I hear her crying as she responds
How her little right leg should wither
If she even touched a harpstring
By the foreign waters
And if she forgot
That beloved dunghill
Which had once been her homeland…)
It’s a stunning resetting of Psalm 137, the exile poem par excellence. The ephemerality of existence, the sadness and tragedy of exile — it’s all there in this sunset scene. But it is all so finely rendered that we can’t quite tell if it’s meant to be satire or fable.
It’s the next poem, written in 1924 and published a decade later in the two-volume posthumous collection, Moyshe Leyb Halpern, that is one of my favorites. It is entitled “Di háyrat” (The Marriage). Halpern uses a conspicuously German word (the standard Yiddish would be the Hebrew “khásene”), which instantly puts us on alert.
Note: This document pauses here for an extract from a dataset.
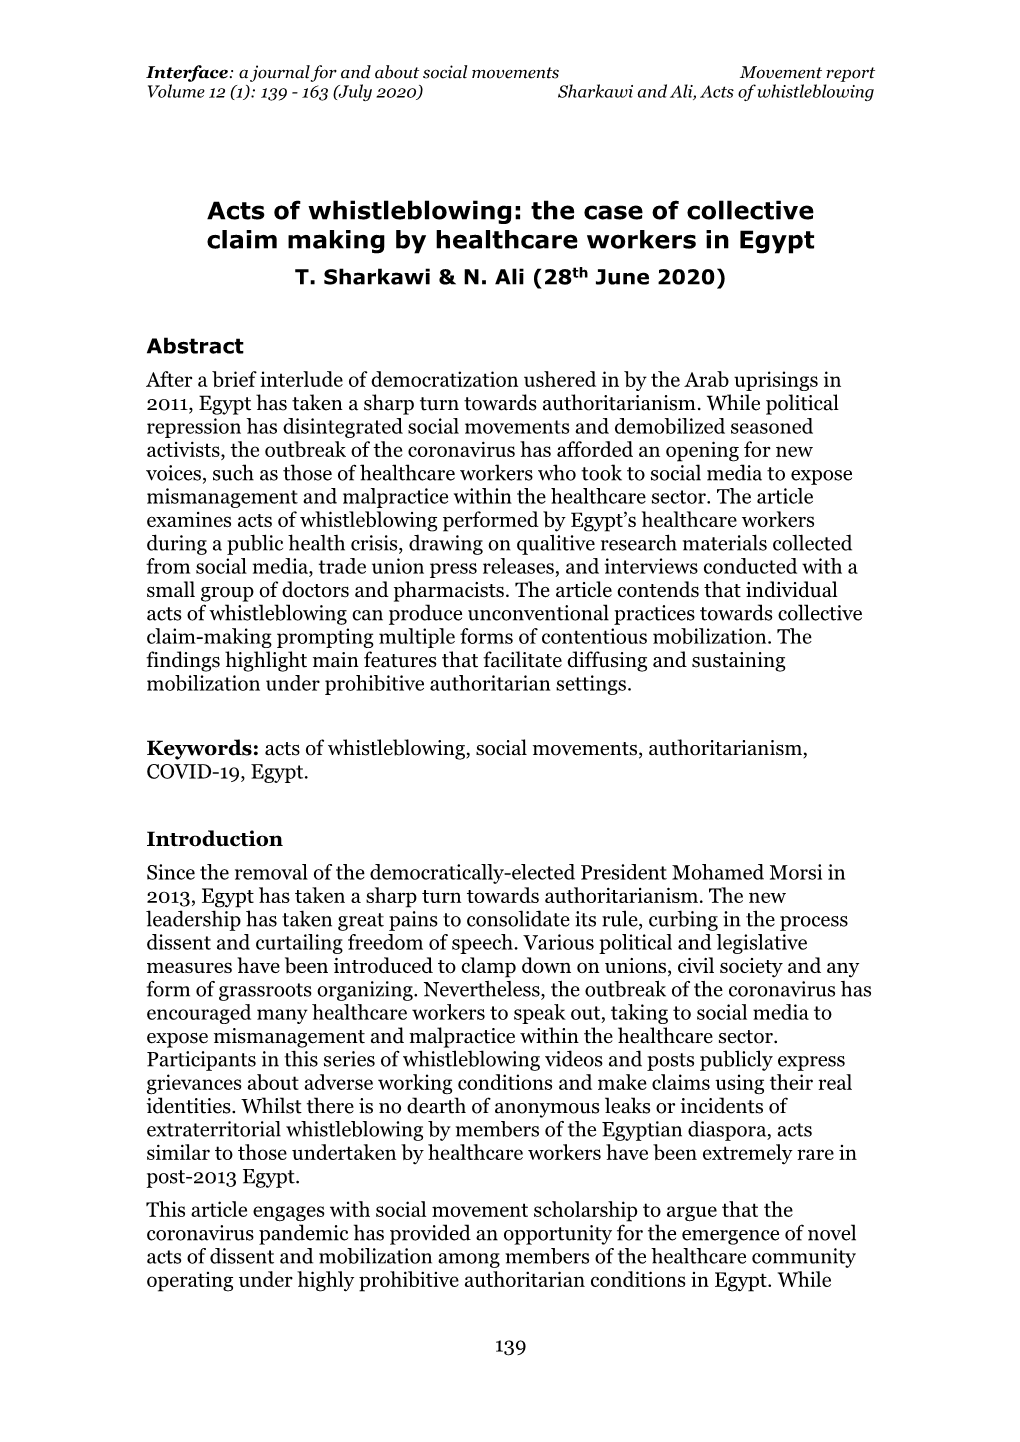 Acts of Whistleblowing: the Case of Collective Claim Making by Healthcare Workers in Egypt T

The poem begins:
Kuk ikh af der náketer froy,
mit dem kléynem kop
un mit di gróbe úmgelúmperte lendn
un mit di gróyse ménerishe fis —
(I look at the naked woman,
With the small head
And the thick, shapeless thighs,
And the big, masculine feet —)
This is something of a risqué way of starting a Yiddish poem, namely gazing directly at a naked woman and critiquing her body in a clinical way. (What’s more, the sound of the word “úmgelúmperte” — meaning shapeless as well as clumsy or awkward — so perfectly matches its meaning.) Our surprise is defused, however, as the poem continues:
Vend ikh zikh tsum fárbn-kínstler
un ikh freg im,
vos im hot gebrákht dertsú
azóyns af dem layvnt óystsutróymen.
(So I turn to the painter
And ask him
What caused him
To dream up such a thing on the canvas.)
So now we know the speaker of the poem is looking at a painting in the presence of the artist. The word Halpern uses for “artist,” however, is not the standard Yiddish word for an artistic painter, namely “móler.” Rather he uses “fárbn-kínstler,” which is literally “color artist.” A colorist is an odd thing to call this man given that everything the speaker has been describing in the painting are forms not colors. Clearly he is not taken with this man’s artistic skills. Moreover, the verb “óystróymen” (to dream up) is Halpern’s coinage. The speaker seems to be equally unconvinced about the artist’s choice of subject matter. The poem concludes with the artist’s response:
Raybt er on a shvébele
un shtupt aráyn di lyúlke in zayn moyl
un éntfert —
shtelt zikh aróys ot-vós:
Er — fu.
Aléyn—fu.
Gevén farháyrat tsu ir — fu.
In Paríz táke — fu.
(He strikes a match,
Shoves his pipe in his mouth,
And responds —
It turns out,
He (puff).
Himself (puff).
Been married to her (puff).
In Paris, mind (puff).
The crudeness of the image turns out to have been the point. All along, our misapprehensions as readers have gotten mapped onto the speaker’s own misunderstandings. This “foreign” artist (as we are cued from the title, which gets repeated in his own words, “farháyrat”) is settling an emotional score. But all sins are covered because it took place in that most foreign and bohemian of lands (“Paris”). Halpern was a masterful word-artist, and deserves a much wider readership.
And as always, “léyent gezúnterhéyt” — read it in good health.